Images from the Hope Mills Area Chamber of Commerce show a controversial float carrying watermelons and a derogatory advertisement has been featured in previous Fourth of July parades.

The float initially came under fire when parade watchers took offense to two tractors that flew Confederate battle flags behind them. One of the tractors also pulled a trailer full of watermelons with a sign that read, "WHITE HISTORY MONTH HUG WTE PPL."

A historical advertisement was also affixed to the front of the trailer, depicting a caricature of a black child eating a watermelon along with the words "Picaninny Freeze" and "A pal for your palate."

In southern states, the term "picaninny" was used to refer to the children of black slaves and later black citizens.

According to photos from the Hope Mills Area Chamber of Commerce, this was not the first year the advertisement was used in the July 4th parade.

In 2011, a trailer carrying watermelons also featured the same "Picaninny" sign along with a flag that is an amalgamation of the Confederate battle flag and North Carolina state flag.

Kenny Bullock, who is the director of Parks and Recreation for Hope Mills and is responsible for organizing the parade, said he received complaints about the signs in this year's parade.
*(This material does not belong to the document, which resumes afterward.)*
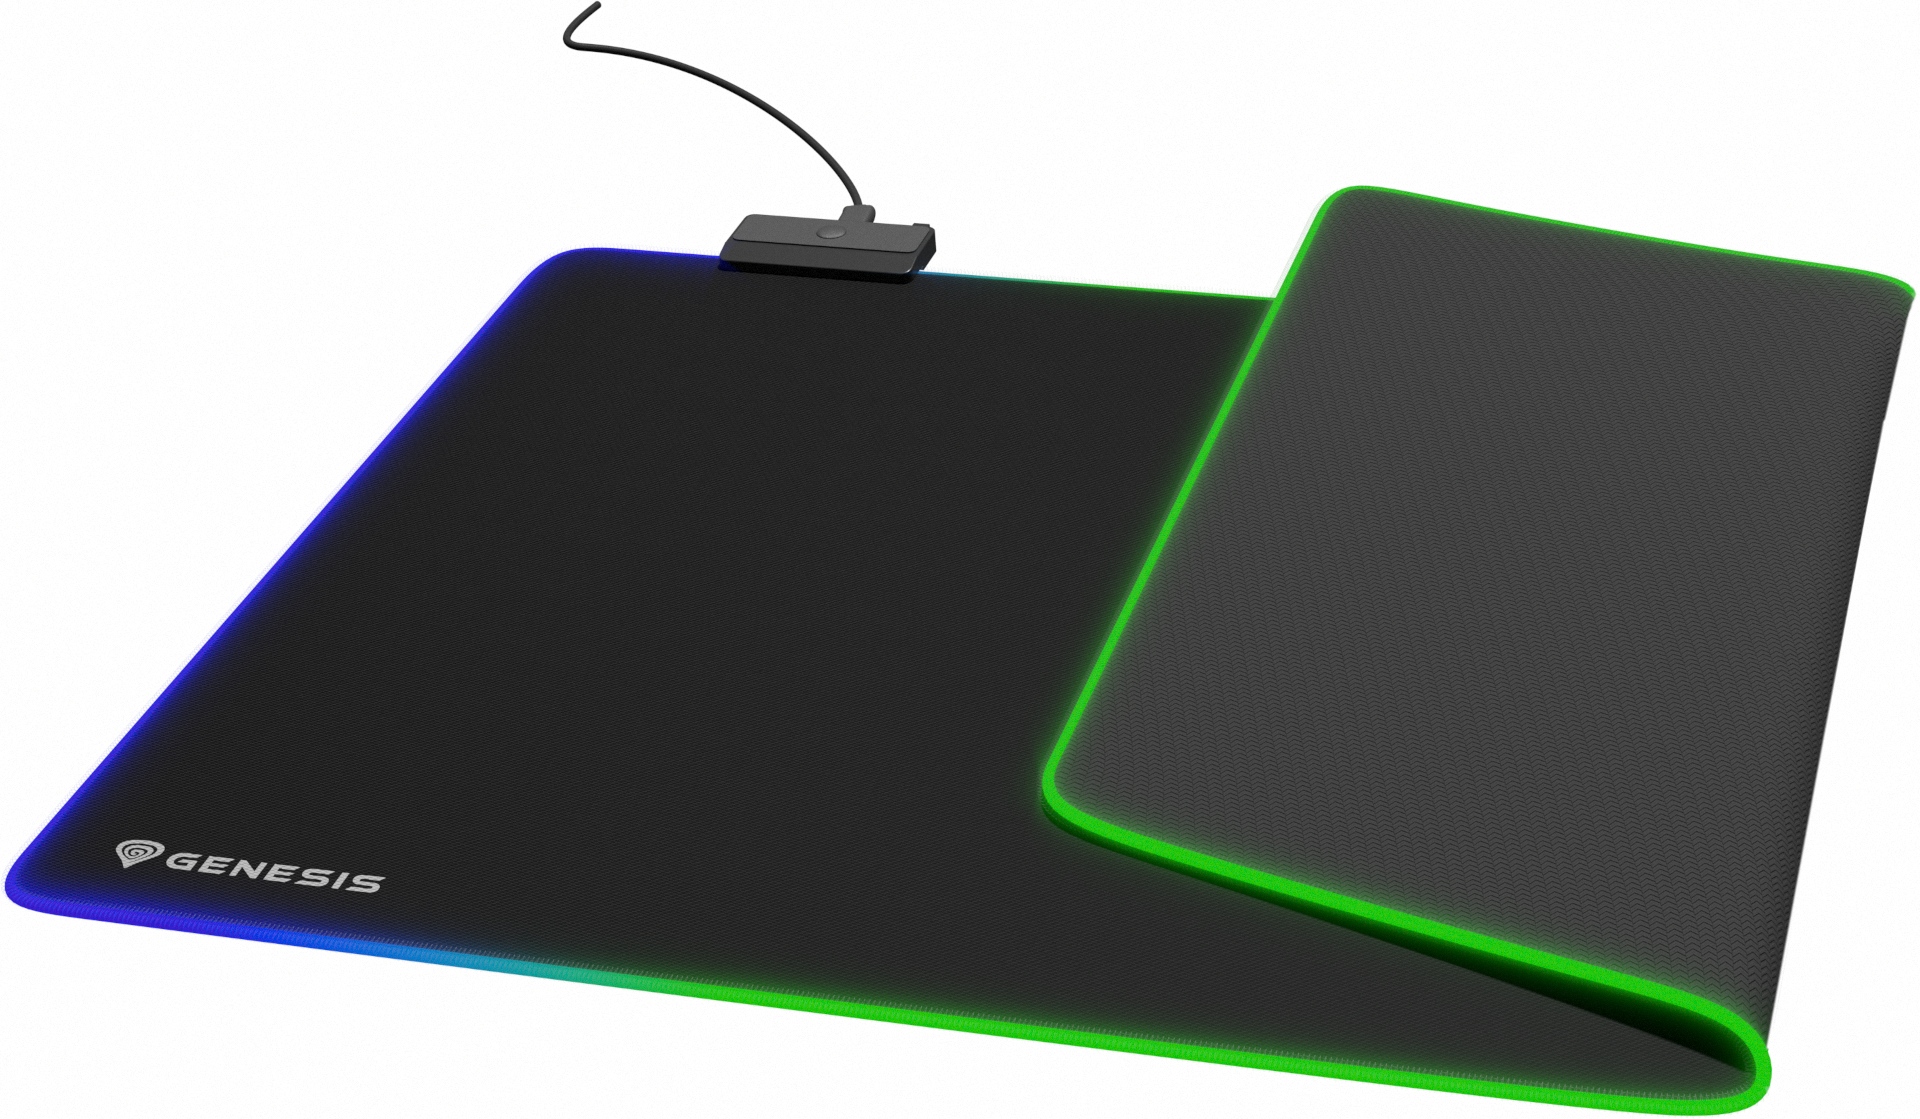 Genesis Boron 500 XXL RGB, czyli tania i duża podkładka na biurko

He said some parade watchers felt the parade unit contained racist overtones.

Parade watcher Alicia Jones said the float was blatantly offensive, saying she was watching the parade with her son and she was surprised by the implied message.

"At that time his innocence was broken, and I had to sit there in the parade and explain to my son what that meant -- what all those signs meant -- at 7 years old," Jones said. "I mean it really caught me off-guard."
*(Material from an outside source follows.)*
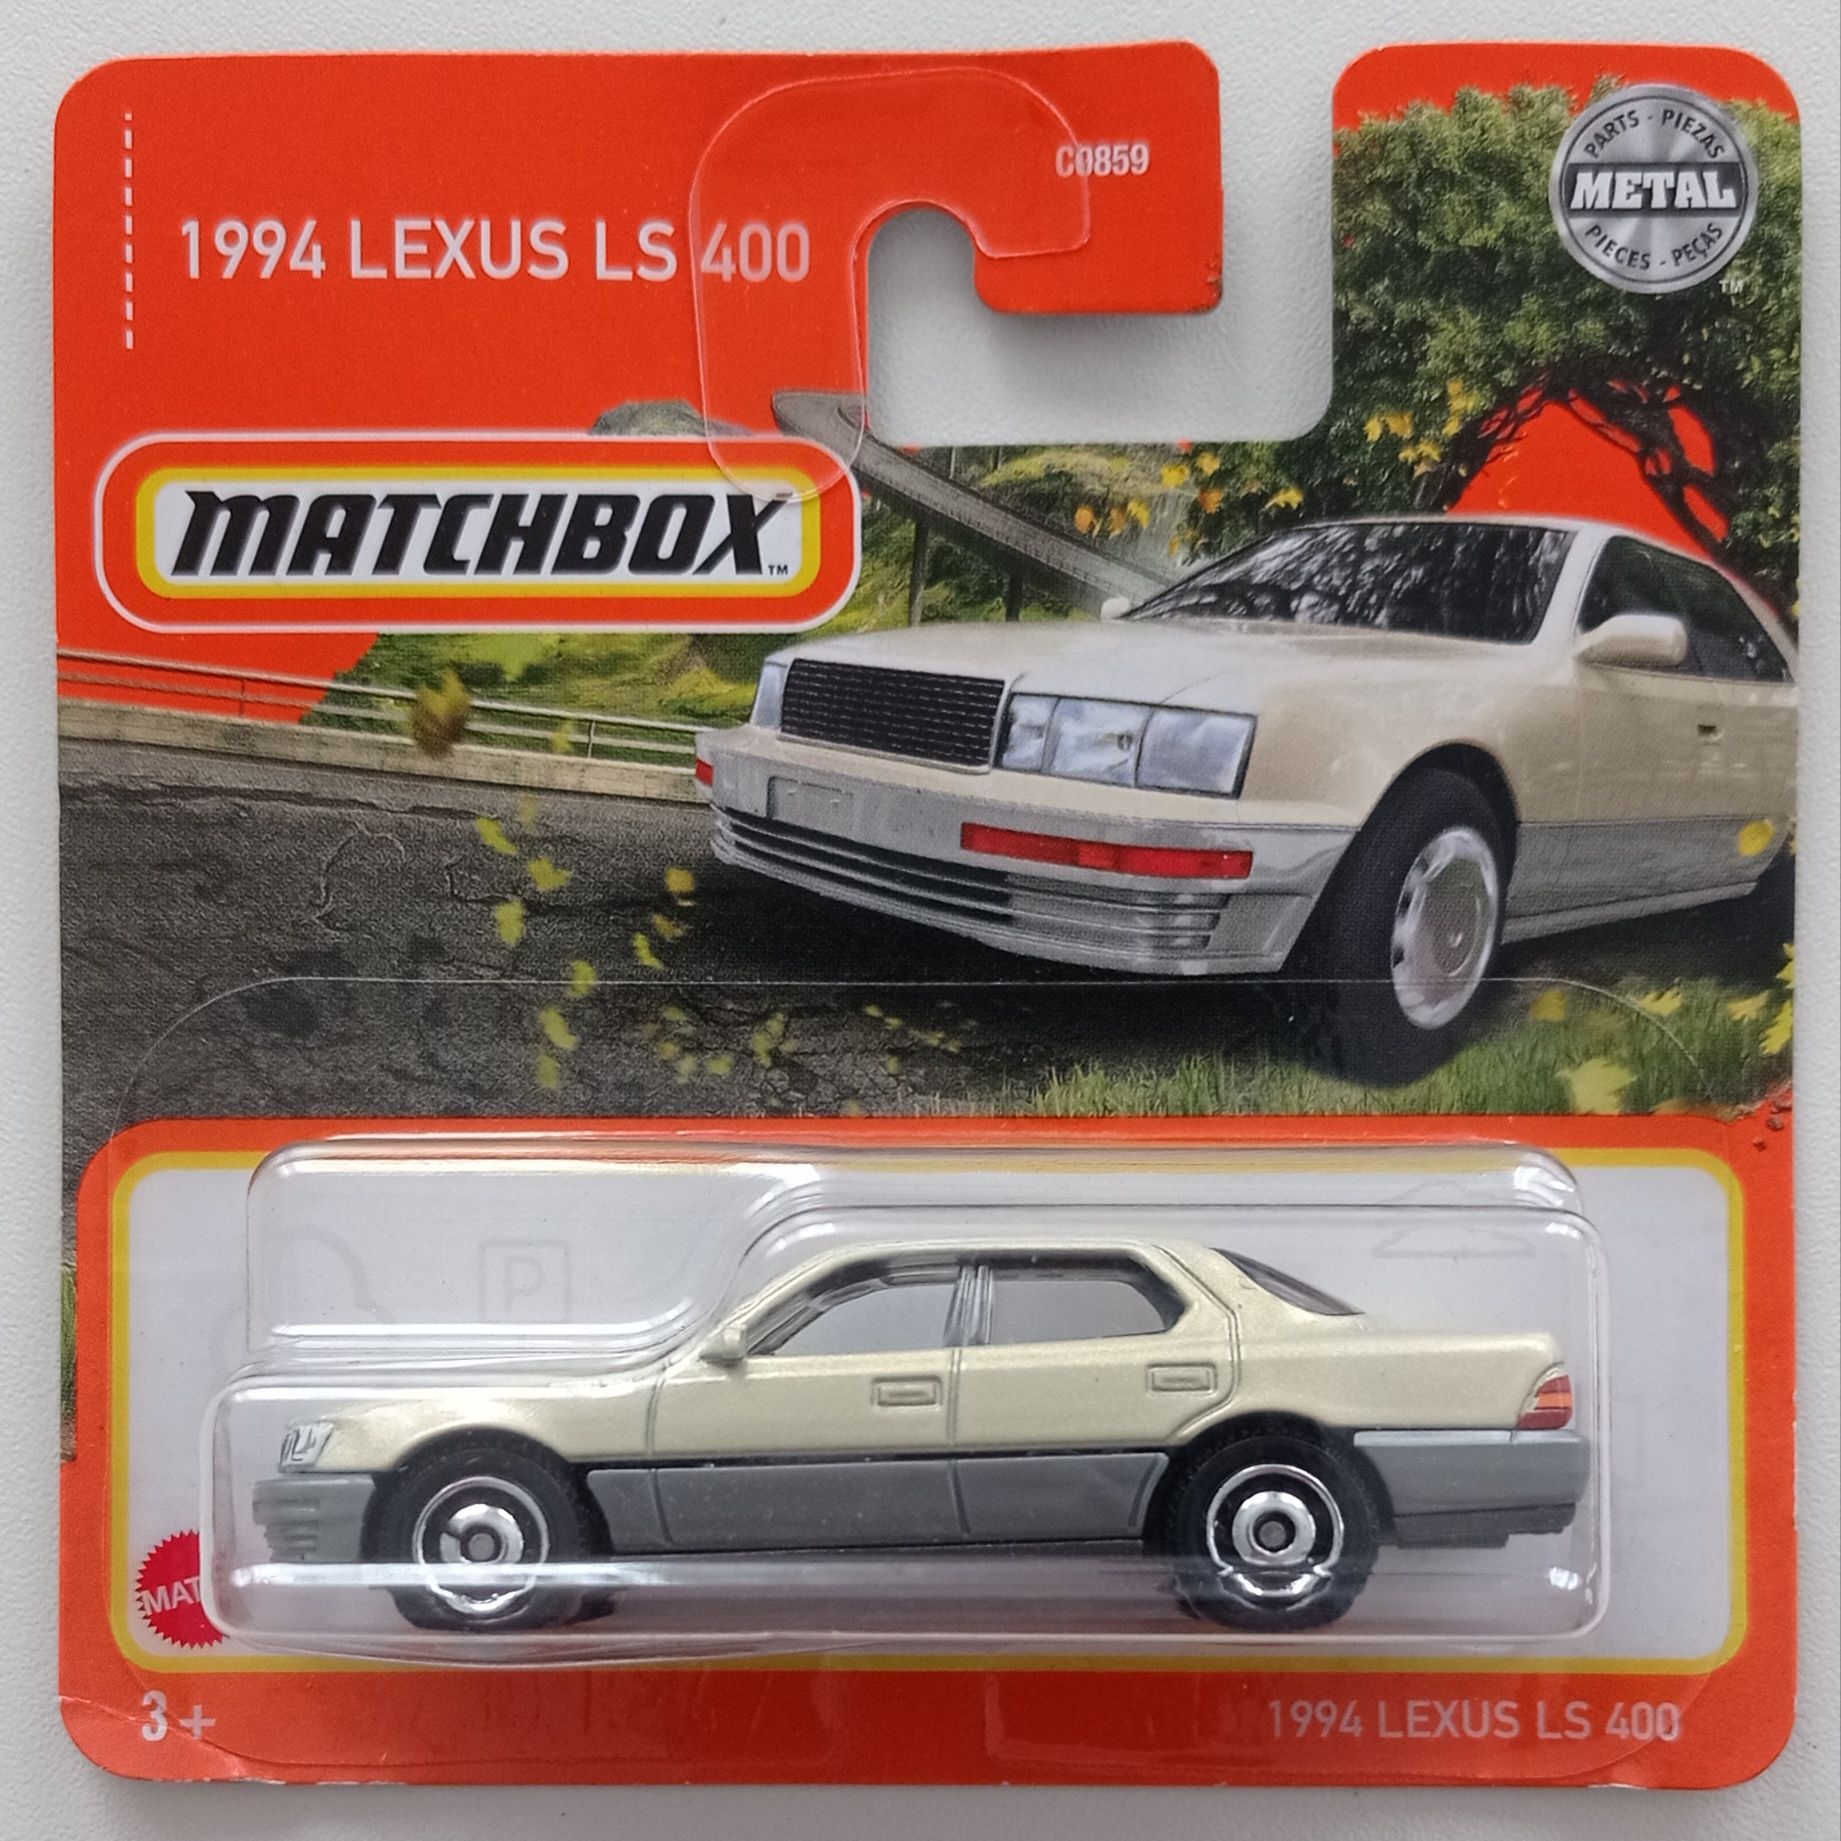 Matchbox 1994 Lexus LS 400

Town Commissioner Pat Edwards, however, said she did not know the "Picaninny" sign was in the parade this year. She said no one complained about it in the past.
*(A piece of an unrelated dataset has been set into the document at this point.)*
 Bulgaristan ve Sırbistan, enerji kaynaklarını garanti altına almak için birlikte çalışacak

She said she's familiar with the image used on vintage-style signs, and doesn't find it personally offensive.

"It's not more offensive than Aunt Jemima in the grocery store," Edwards said. "So where do you draw the line?"

Edwards said she wishes the "white history" signs had not been displayed because she understands how some people would be offended.

Bullock said farmer Donnie Spell applied for the entry in the parade. He listed eight to 10 antique tractors and a trailer of watermelons for sale would be included in the parade. There was no mention of the signs, Bullock said.

Bullock said he heard about the signs just before the parade. But he could not find Spell at the time, so he asked Spell's daughter-in-law to ask Spell to take down the signs.

Bullock said he believes the signs were removed and put back up later.

Spell regularly showed his tractors and confederate flags in the town's parades, town commissioner Pat Edwards said.

Bullock said the previous entries were allowed as free speech. However, he said the "White History Month" sign combined with the other elements of the parade entry went too far.

Mayor Jackie Warner said she did not think the parade was the appropriate venue to display the signs and watermelon trailer. She said the parade is intended to be family friendly, and is not meant to be a forum.

People running for political office are discouraged from being in the parade.

Following up on the controversy stirred by the float, town leaders are expected to discuss potential new guidelines for parades at the next Hope Mills commissioners meeting.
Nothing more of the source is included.